Given data
· · · · ·

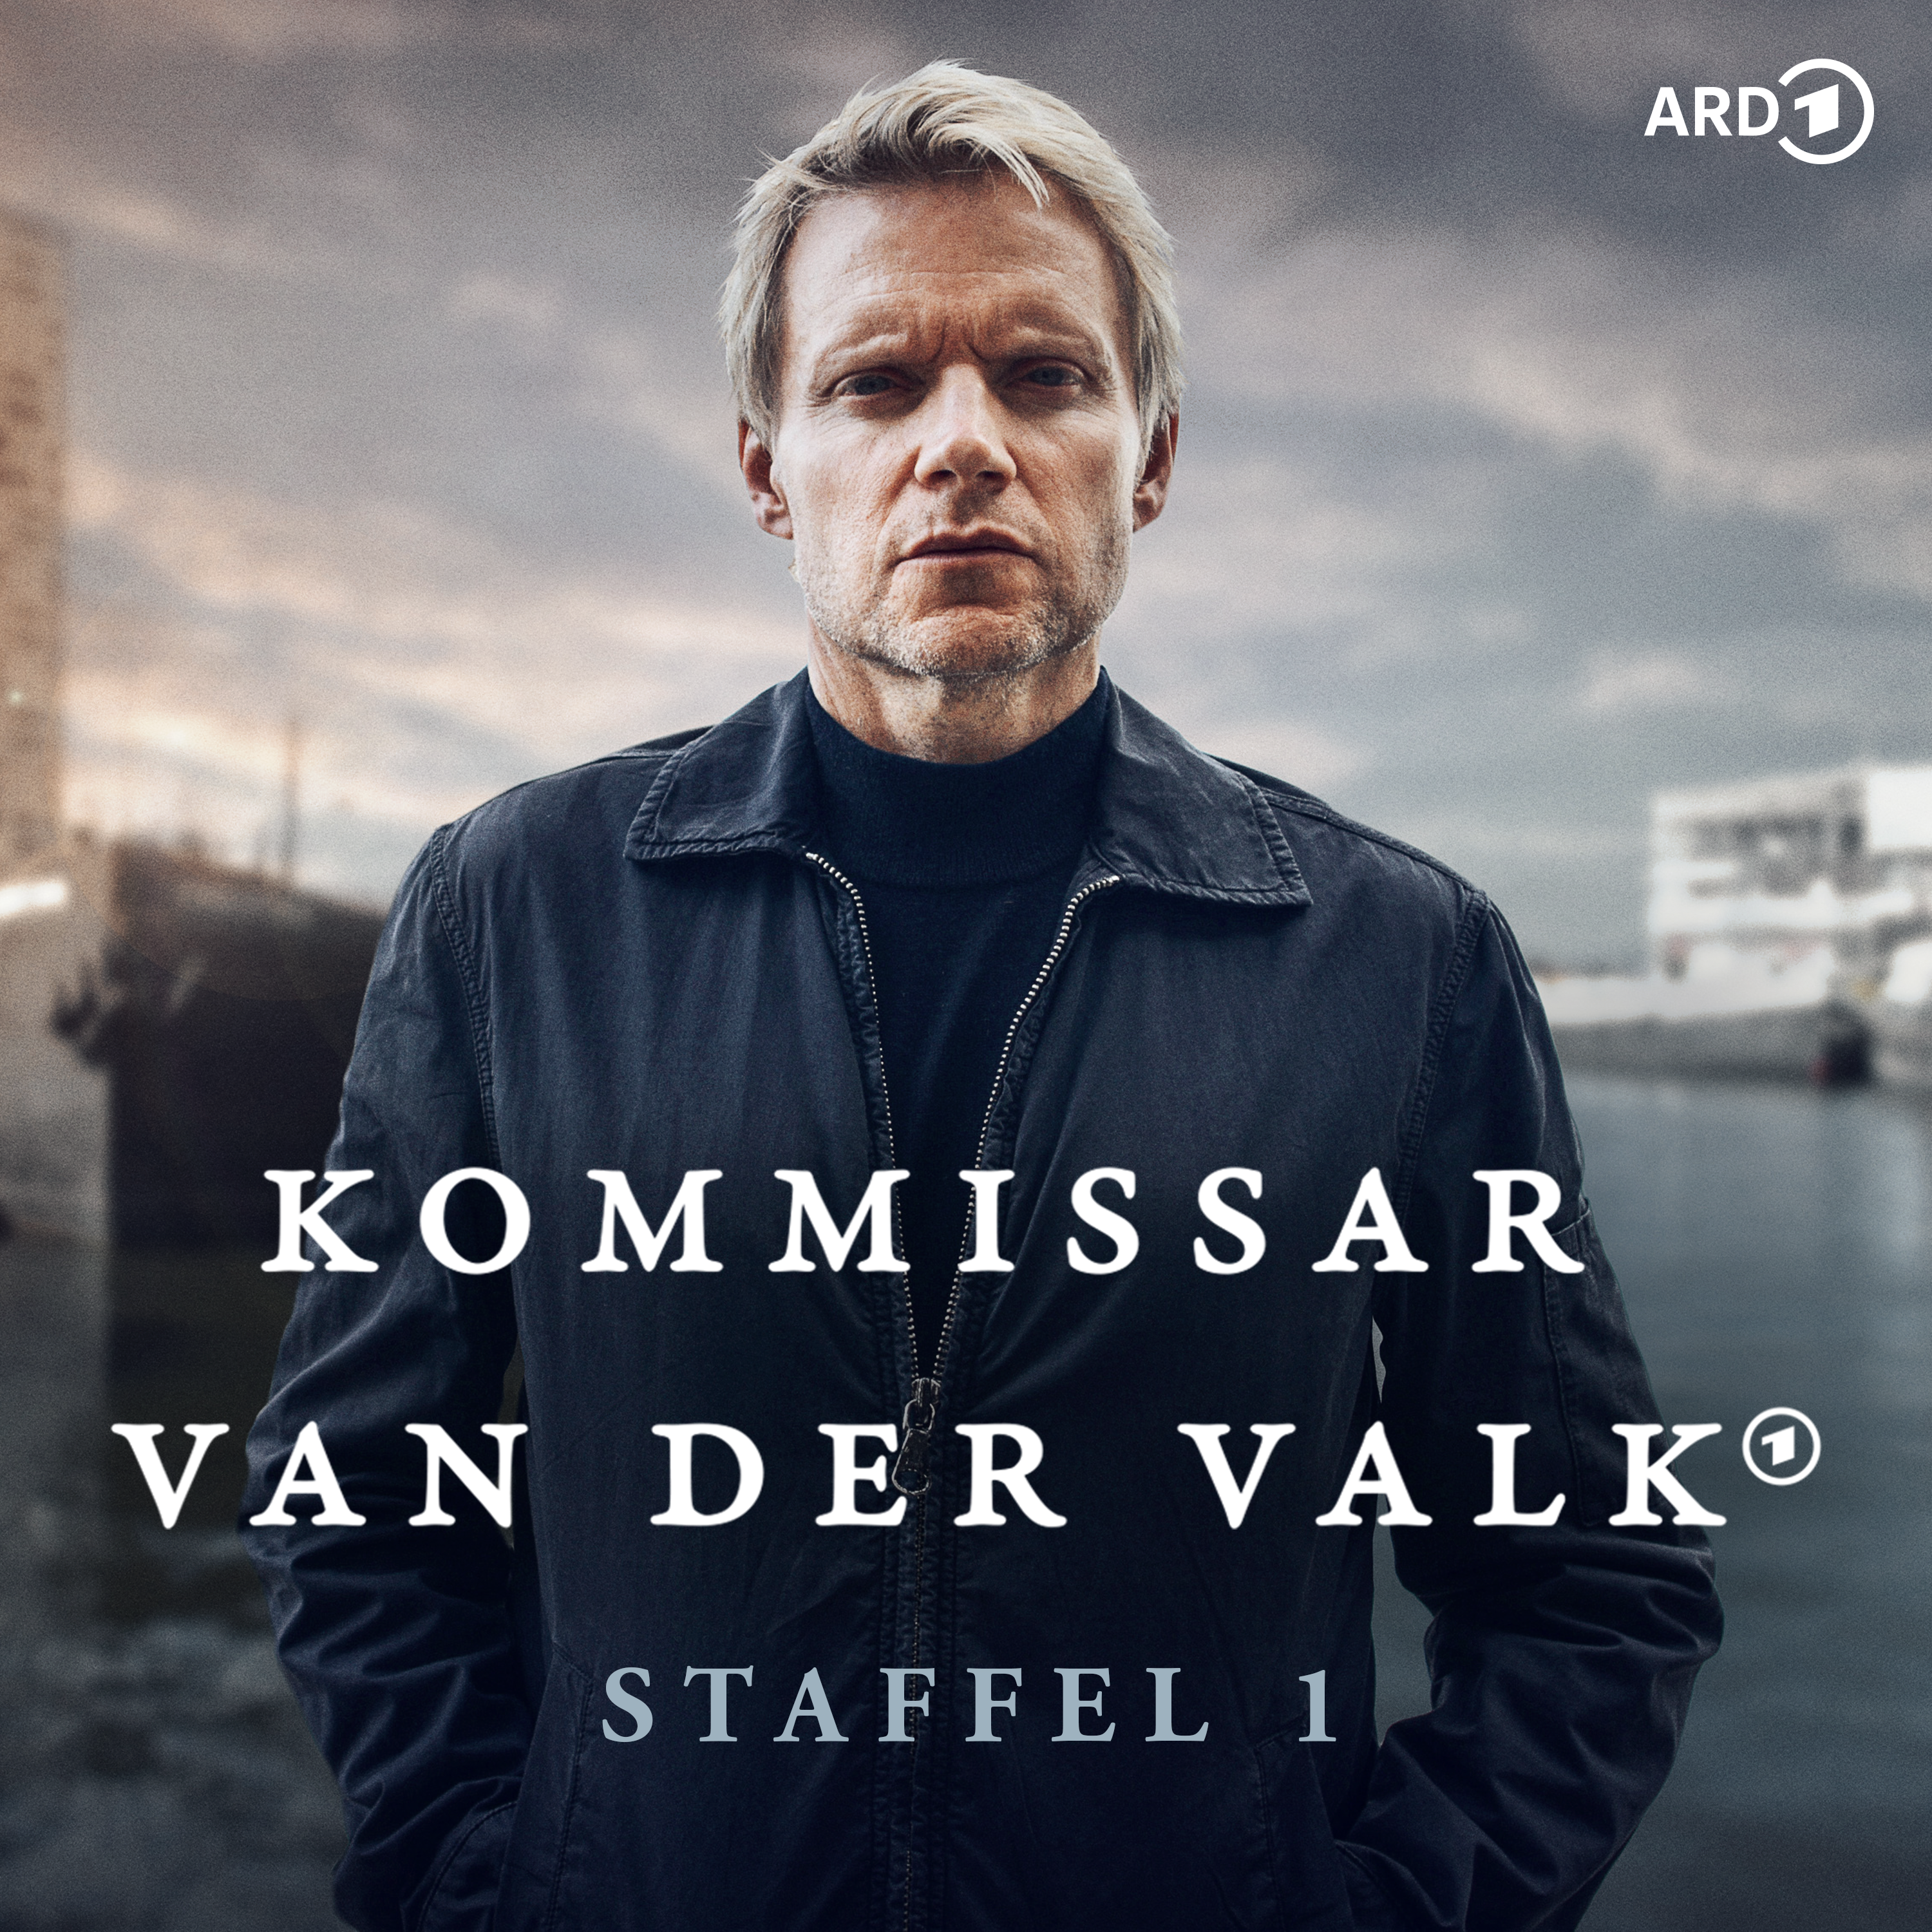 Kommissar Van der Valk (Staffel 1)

· · · · ·

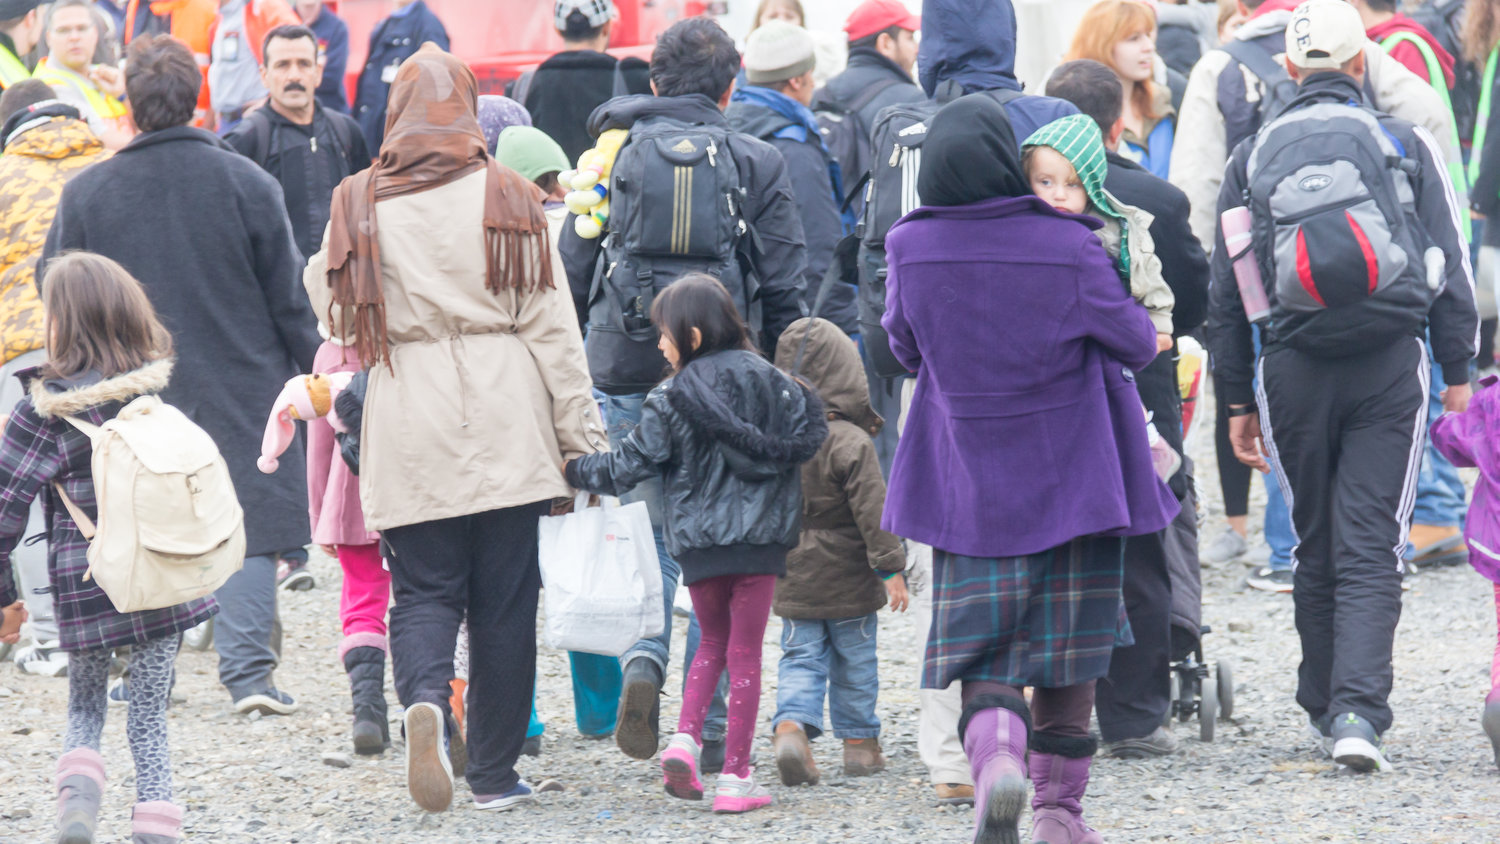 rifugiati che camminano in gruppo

· · · · ·

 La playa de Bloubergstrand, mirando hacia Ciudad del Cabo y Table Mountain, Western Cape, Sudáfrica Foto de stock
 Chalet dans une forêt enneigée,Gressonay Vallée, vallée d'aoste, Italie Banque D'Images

· · · · ·

Task brief
Once the line with "La playa de" is found in the records above, print exactly that line and every line after it through the line with "Chalet dans une".

Answer to the exercise
 La playa de Bloubergstrand, mirando hacia Ciudad del Cabo y Table Mountain, Western Cape, Sudáfrica Foto de stock
 Chalet dans une forêt enneigée,Gressonay Vallée, vallée d'aoste, Italie Banque D'Images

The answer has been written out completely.